CAPITULO VI
Carlos Sales era el candidato oficial, era el amigo del presidente y desde Campeche el Clan Sansores-Arceo empezó a mover sus fichas. Antonio González Curi y su hermano Antonio pactaron. La decisión era clara: había que parar al único candidato que rompería con la pretensión de sostener un cacicazgo. Los seis años de Salomón los había marginado y era imposible correr el riesgo de otros seis años en la banca.
Layda Sansores inició la rebelión, primero exigió concesiones. Se las dieron. Volvió a pedir y le volvieron a dar, pero subir el IVA del 10 por ciento al 15 le resultó el pretexto excelente para la rebelión y como no le dieron la certeza de que ella sería la candidata, pues se fue del PRI.
Antonio y su hermano Jorge Luis se escondieron. Bajaron la cabeza y mientras el Arqui intentaba meter esquiroles al PAN, Antonio se refugiaba en el entonces secretario de Gobernación Emilio Chuayfet y, por si las dudas, se aliaba con Cruz Manuel Alfaro, el famoso “Cuxo” y cambiaba su estrategia con Salomón. Lo adulaba, se le metía y hablaba de su relación con sus cuñadas: ustedes son mi familia, les decía hipócrita.
Antonio y Jorge Luis tenían todo listo: si no era uno, sería el otro y para ello el Arqui usaba su cargo de presidente del Consejo Coordinador Empresarial desde 1995 y que ocuparía hasta 1997. Esa posición le permitía fingir que tenía el perfil para entrar al PAN y ser apoyado por los empresarios afines a ese partido. La traición no importaba, sólo llegar.
Pero a Ernesto Zedillo le importó más su persona.

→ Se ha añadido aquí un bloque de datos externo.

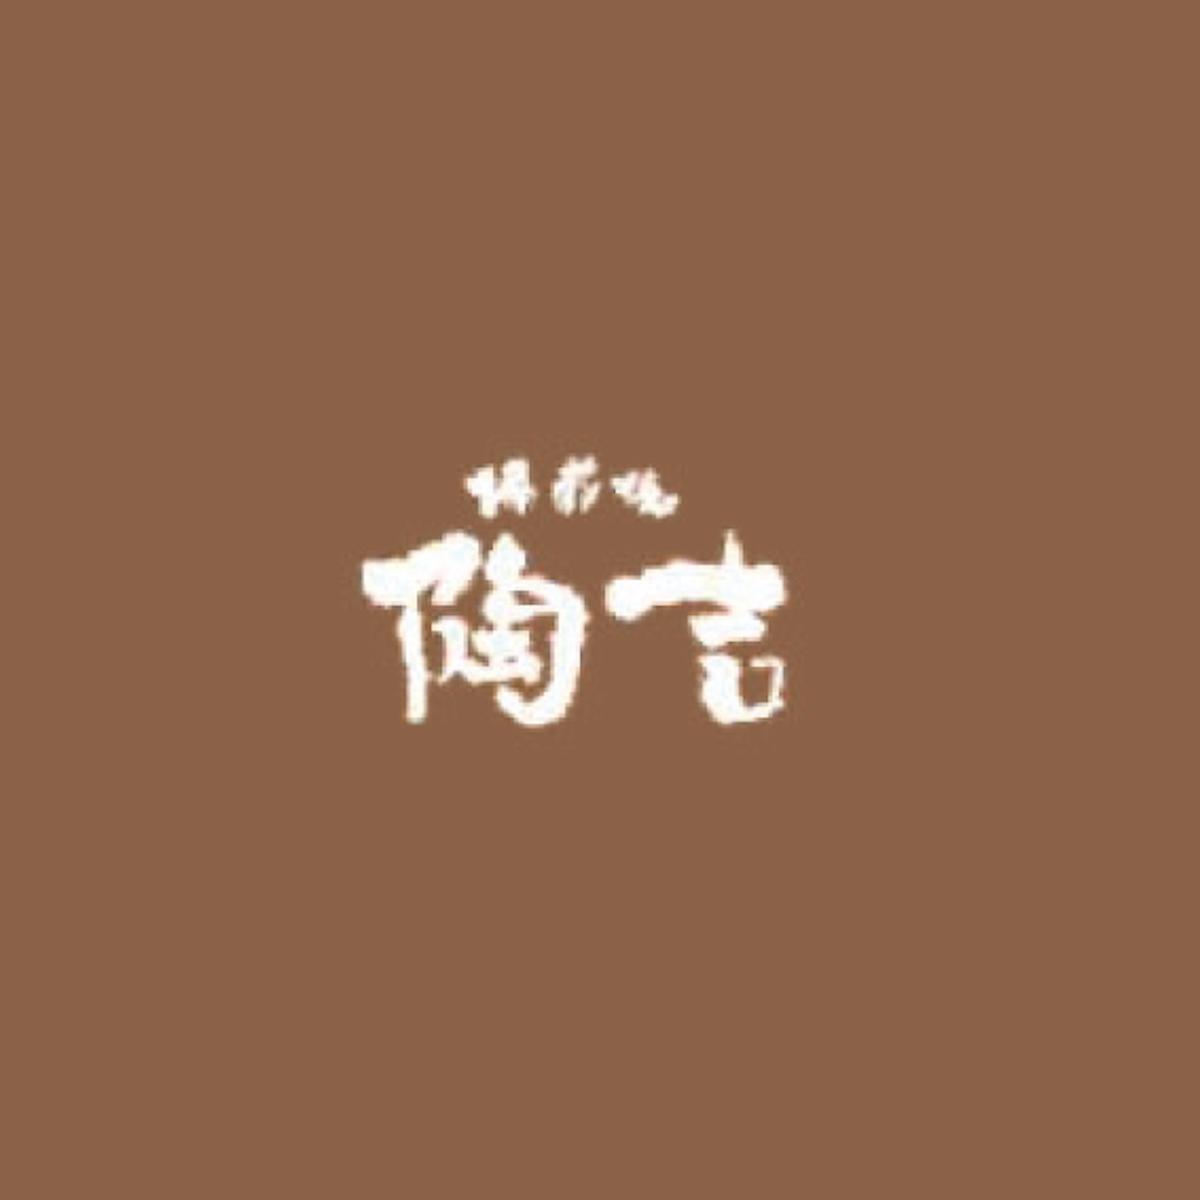 Toukichi logo

Layda ya había pactado con el PRD y si Sales era el candidato, la golpiza sería nacional por la presencia y trayectoria del político campechano radicado en el DF y decidieron por un candidato desconocido, uno cuyo perfil fuera muy local y al ser nominado, Antonio no dudo en traicionar a Layda y, para tratar frenarla, exhibió la cierta y comprobable corrupción de su padre, de los latrocinios desde el gobierno y no sólo la traicionó a ella sino también a quien lo apoyó para ser diputado federal, para ser alcalde y a escasos días de su nominación envió a su hermano a pactar con Alberto Arceo Corcuera a quien convirtió en el más caro socio y beneficiario y exigió una condición más que de inmediato le concedieron: hacer todo para encarcelar a Jorge Salomón y desprestigiar a su familia aunque se violara la ley, aunque significara una traición más. Una que cumplió con esmero.